Registration Available for Darkhouse Spearers

Individuals who will participate in the upcoming darkhouse spearfishing
season can now register online at the North Dakota Game and Fish
Department's website, gf.nd.gov, or through any Game and Fish Department
office.

North Dakota's darkhouse spearfishing season opens on a number of state
waters Dec. 1 - with the exception of Spiritwood Lake which opens Jan. 1
- and continues through Feb. 28. Legal fish are northern pike and
nongame species, such as carp.

Darkhouse spearing is allowed for all residents with a valid fishing
license, and those under the age of 16. Nonresidents from states that
allow North Dakotans to participate in darkhouse spearfishing can
darkhouse spearfish in North Dakota with a valid fishing license. Of
neighboring states, only Minnesota does not allow nonresident darkhouse
spearfishing.

Other regulations include:

* All participants must register.
* A spear is counted as a pole (line) while darkhouse
spearfishing.
* Pneumatic or rubber band powered spear guns are not allowed.
* When a dark house is moved or a hole larger than 12 inches in
diameter is left in the ice, the hole must be adequately marked with a
natural object (such as a tree branch or tumbleweed) visible from a
minimum of 150 feet. 
* No size limit on ice hole in lakes where darkhouse spearing is
allowed. However, hook and line fishing is legal only in holes no larger
than 12 inches in diameter.
* Legal live baitfish, with the exception of white sucker, and
artificial lures can be used as decoys.
* Daily/possession limits are the same as for hook and line
fishing.
* Six lakes have been added to the list of lakes open to darkhouse
spearing: South Eckelson, Barnes County; Sibley Lake, Griggs County;
Stump Lake, Nelson County; Lake Irvine, Ramsey County; Island Lake,
Rolette County; and Sunday Lake, Stutsman County.
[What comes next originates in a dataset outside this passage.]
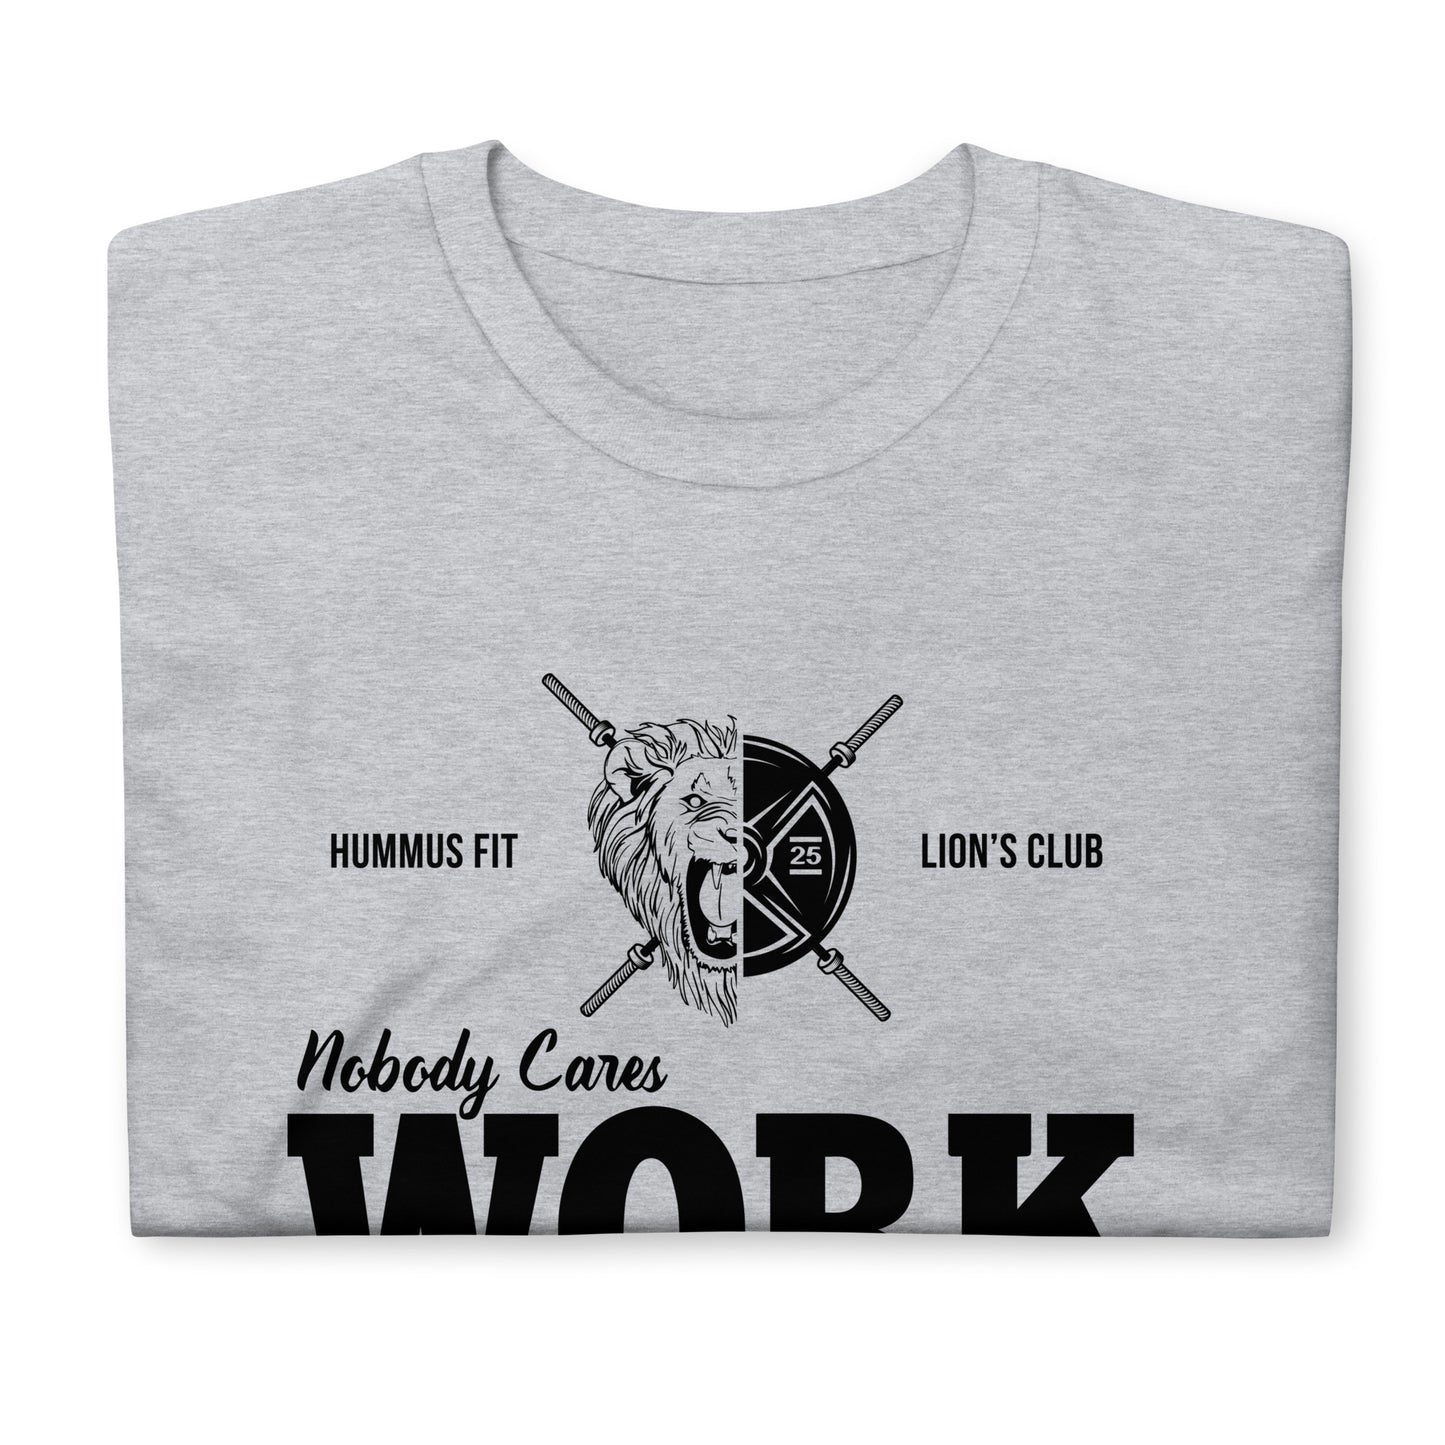 A nadie le importa trabajar más duro - Camiseta unisex Softstyle (gris deportivo)

Other lakes where
darkhouse spearfishing is allowed are Devils Lake, Benson/Ramsey
counties; Silver Lake, Benson County; Powers Lake, Burke County; Rice
Lake, Emmons County; Juanita Lake, Foster County; Lake Etta/Alkaline
Lake complex, Horsehead Lake, and Round Lake, Kidder County; Flood Lake
and Diamond Lake, LaMoure County; Beaver Lake and West Napoleon Lake,
Logan County; Buffalo Lodge Lake, McHenry County; Coldwater Lake and
Dry/Goose Lake, McIntosh County; Stanley Reservoir, Mountrail County;
Lake Laretta, Nelson County; Cavanaugh Lake, Morrison Lake, and
Sweetwater Lake, Ramsey County; Grass Lake, Richland County; Carpenter
Lake and School Section Lake, Rolette County; Buffalo Lake, Sargent
County; Coal Mine Lake, Sheridan County; Mallard Marsh and Spiritwood
Lake, Stutsman County; Cottonwood Lake and Tioga Reservoir, Williams
County; Lake Sakakawea from Garrison Dam to Highway 85 bridge at
Williston; and Lake Oahe from the South Dakota border to McLean Bottoms
boat ramp.


----------